= Jerry Dorey =

Jersey politician

Jerry Dorey was a member of the States of Jersey from 1993–2005.

== Biography ==

Jerry Dorey was born in 1951 at Ealing, London. He was educated at Victoria College, Jersey and Oxford University, gaining an M.A. (Oxon) in French. He took up a career as a freelance computer programmer in Jersey before being elected to the States of Jersey as Deputy for Saint Helier No.1 district in 1993.

As a Deputy he was a member of Education, Health, Public Services, Broadcasting, JTA, Employment and Social Security and Establishment Committees; he sat on the Marina Committee of Inquiry, and the Limited Liability Partnerships Committee of Inquiry.

In February 1999 he stood in a Senatorial by-election and was voted in with 3,320 votes (beating Paul Le Claire, Harry Cole and Geraint Jennings).

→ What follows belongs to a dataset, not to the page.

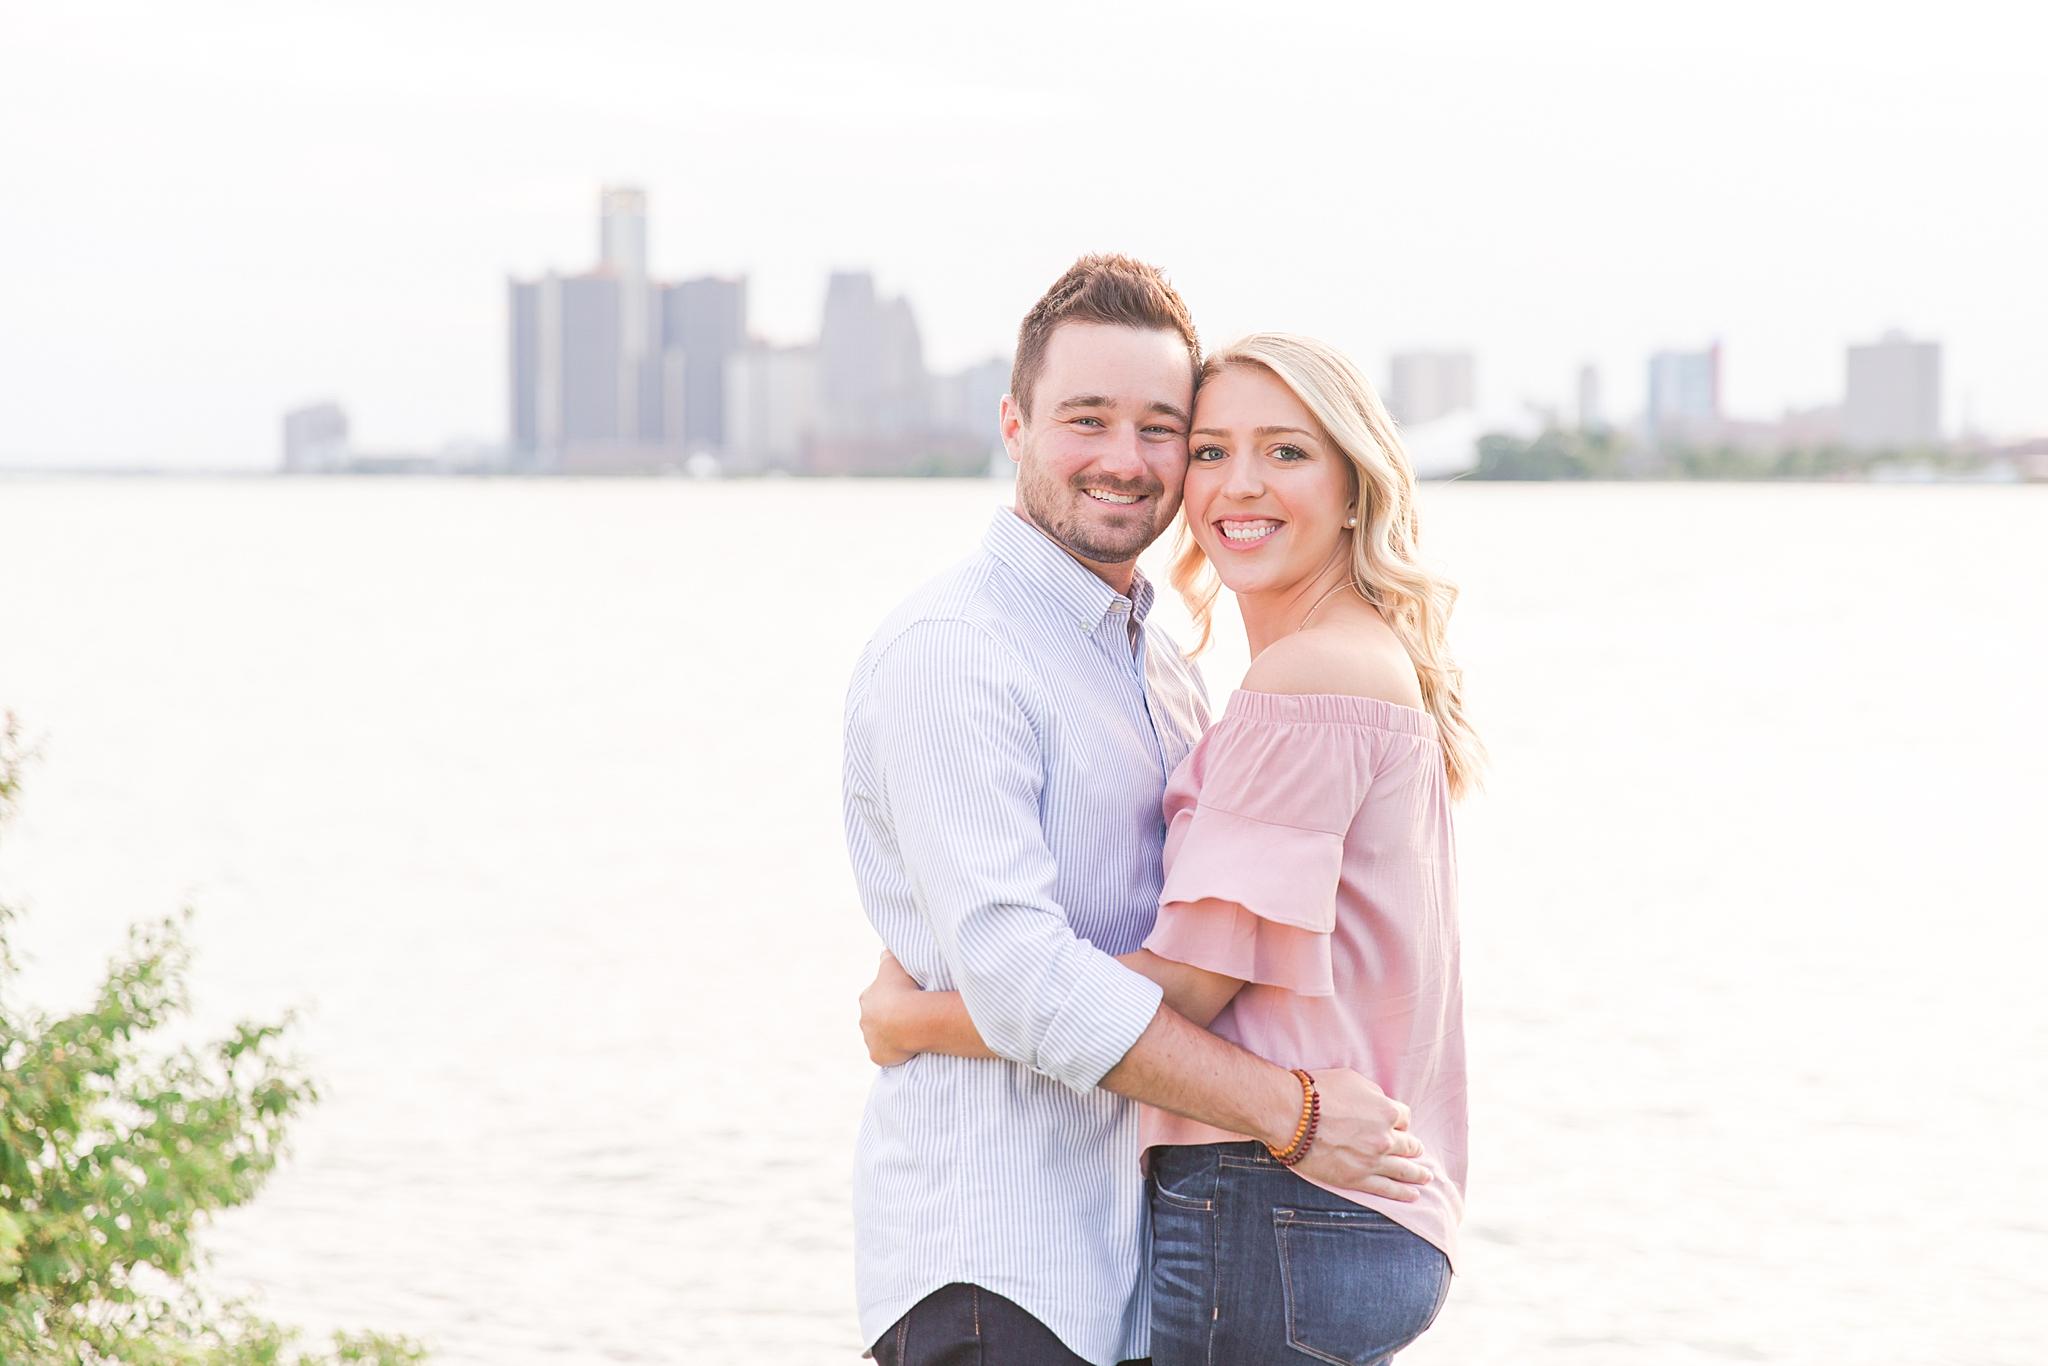 detroit-wedding-photographer-downtown-detroit-belle-isle-engagement-photos-sarah-eric-by-courtney-carolyn-photography_0038.jpg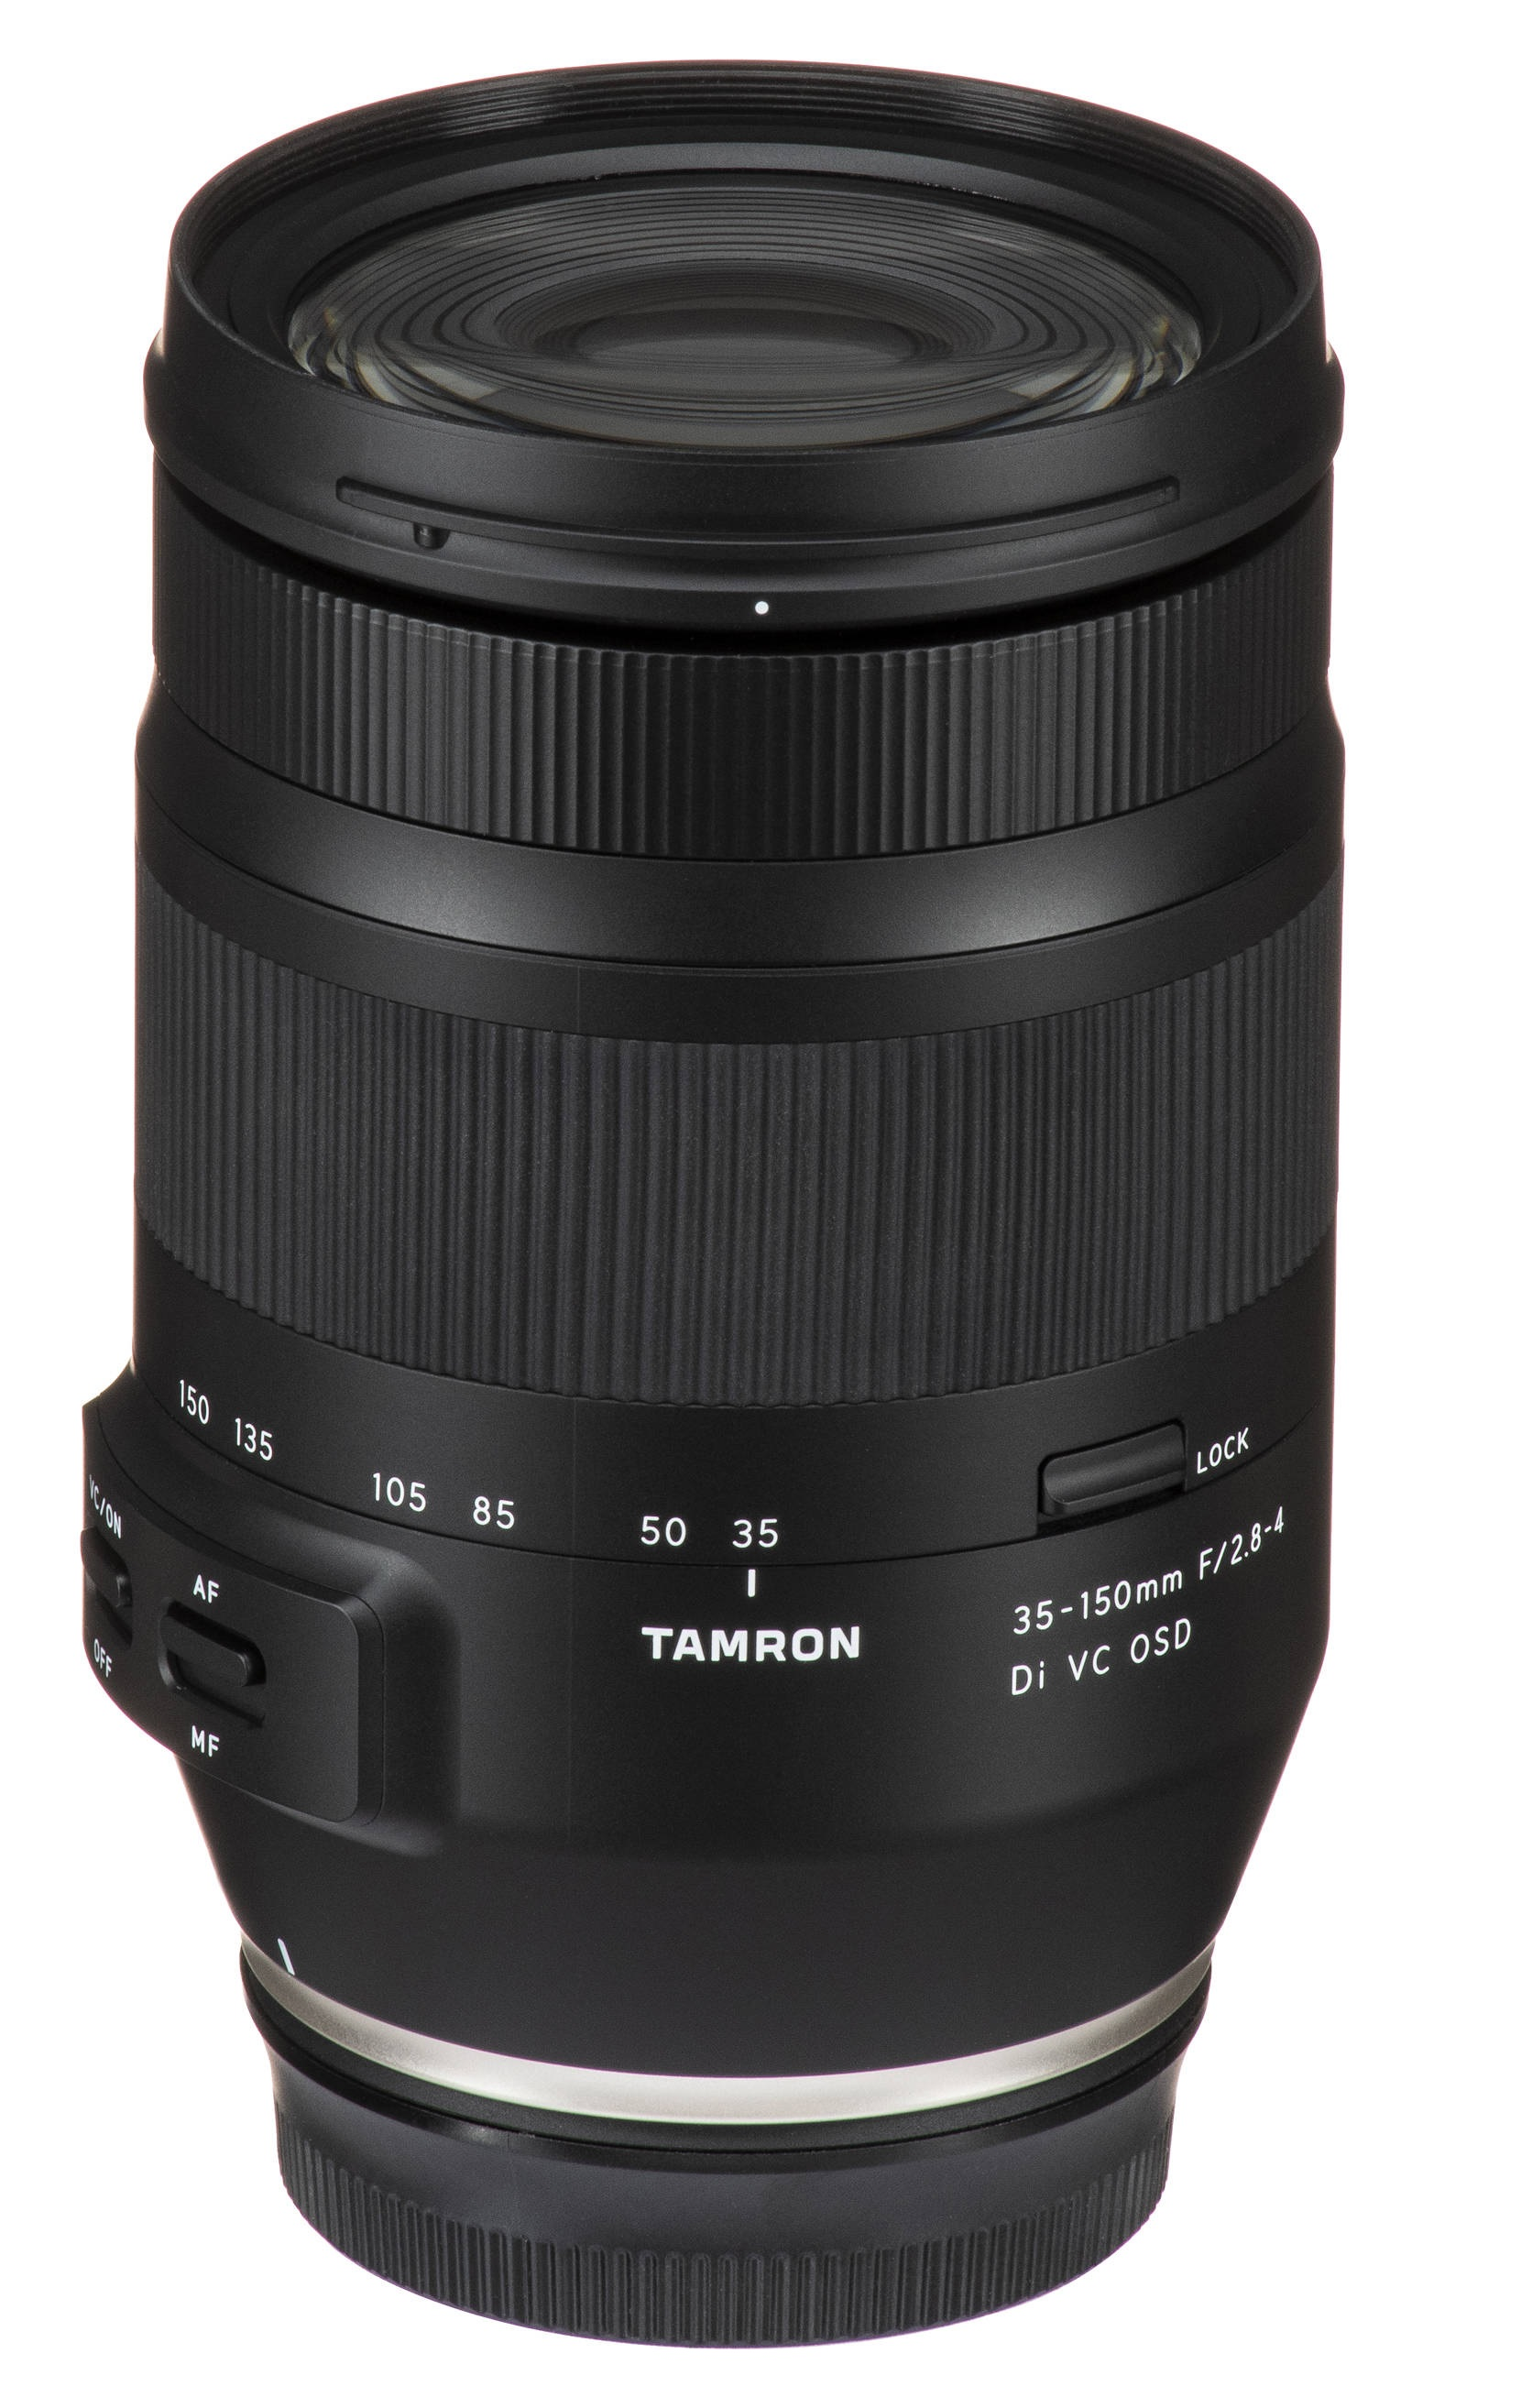 Tamron AF 35-150mm F2.8-4 Di VC OSD Camera Lens

Senator Dorey lost his Senatorial seat at the following general election in October 1999, being edged out in 7th place. The following month he was voted back as Deputy by the voters of St Helier No. 1 with 463 votes.

He became vice-president of Environment and Public Services, and in that position argued for a resiting of waste disposal in his St Helier constituency; he described the loss of his seat in the 2005 elections as a "severe disappointment".